The hidden foundation of plant success
Root systems are the hidden foundation of plant success, regulating water and nutrient uptake, stress response and vital interactions with the soil environment.
"If you're only looking at the aboveground plant, you're only getting half the story," said Larry York, ORNL senior scientist who specializes in studying roots and works closely with APPL.
Roots are difficult to observe directly, historically requiring invasive, labor-intensive sampling methods that limit real-time insights.
To generate root data more quickly, APPL scientists developed a robotic imaging platform using rhizoboxes - clear, flat boxes containing plants growing in soil and equipped with a sliding cover to block light. As each rhizobox moves into an APPL imaging chamber, the cover is robotically removed and the root environment is imaged using a high-resolution color camera and a near-infrared camera. The system operates autonomously 24/7 over the course of an experiment.

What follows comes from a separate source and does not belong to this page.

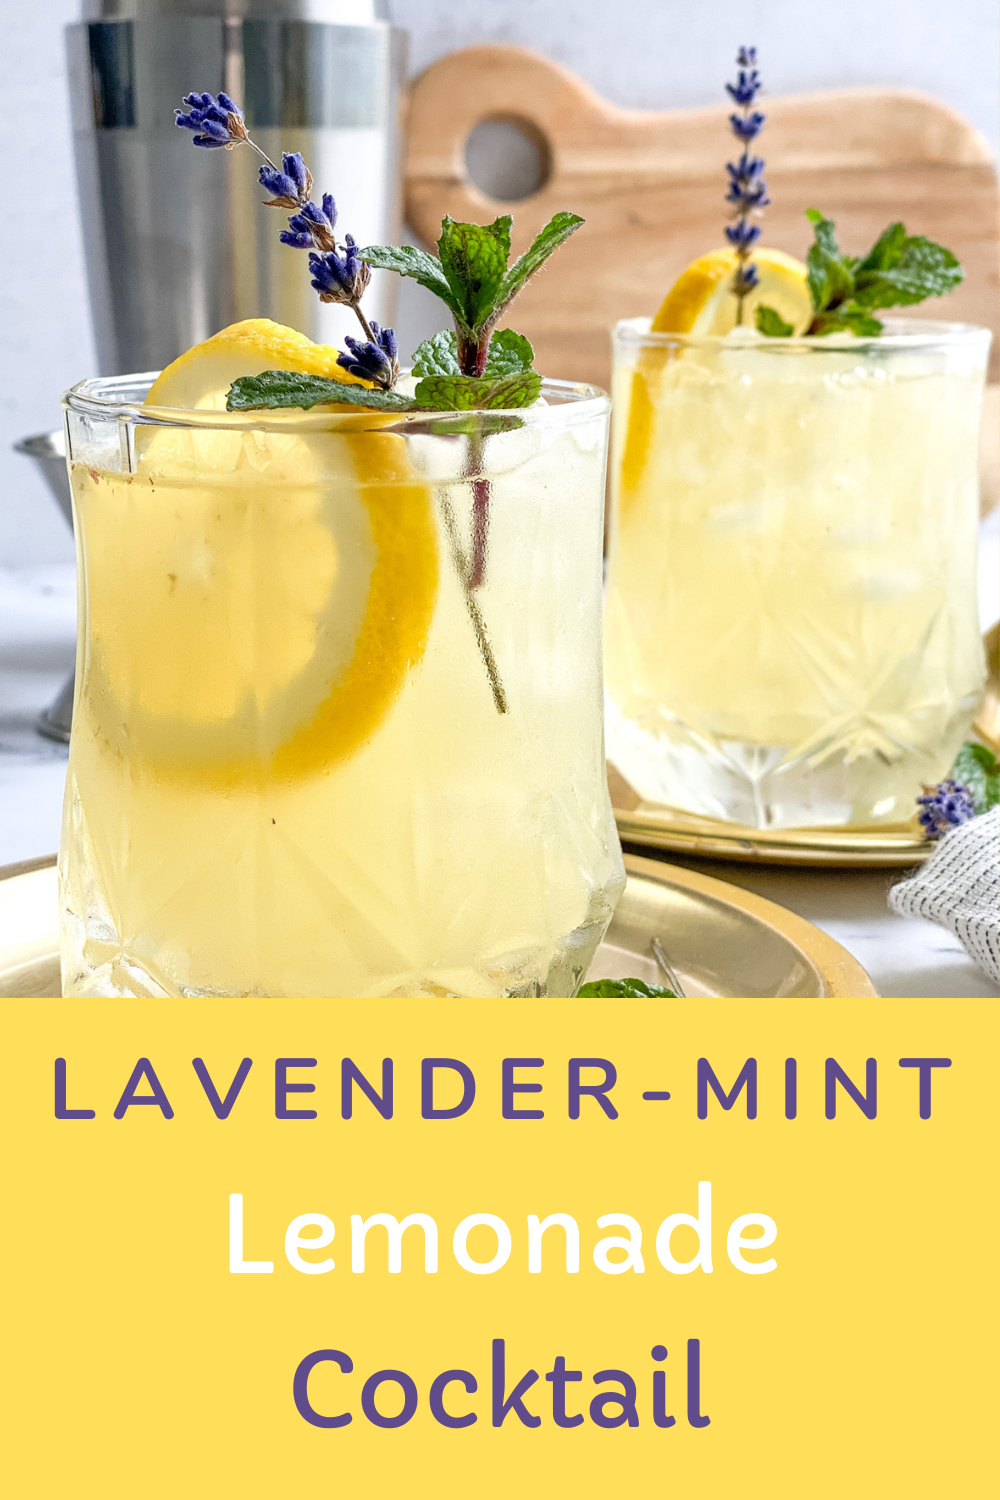 Blog - Norwood Lavender

The system generates large amounts of data as plants and their roots grow, including information on traits such as root length and diameter, nutrient and mineral uptake, and water content of the roots and surrounding soil.
"With APPL's enhanced capabilities, we can for the first time simultaneously link aboveground and belowground performance in the same plant at the same time across multiple modalities," said Jerry Tuskan, director of the DOE Center for Bioenergy Innovation and Corporate Fellow at ORNL. "We can look at, for instance, photosynthesis function aboveground and water uptake belowground, enabling associations between plant anatomy and function above and below. That is a unique capacity of APPL; no other facility in the world can do that."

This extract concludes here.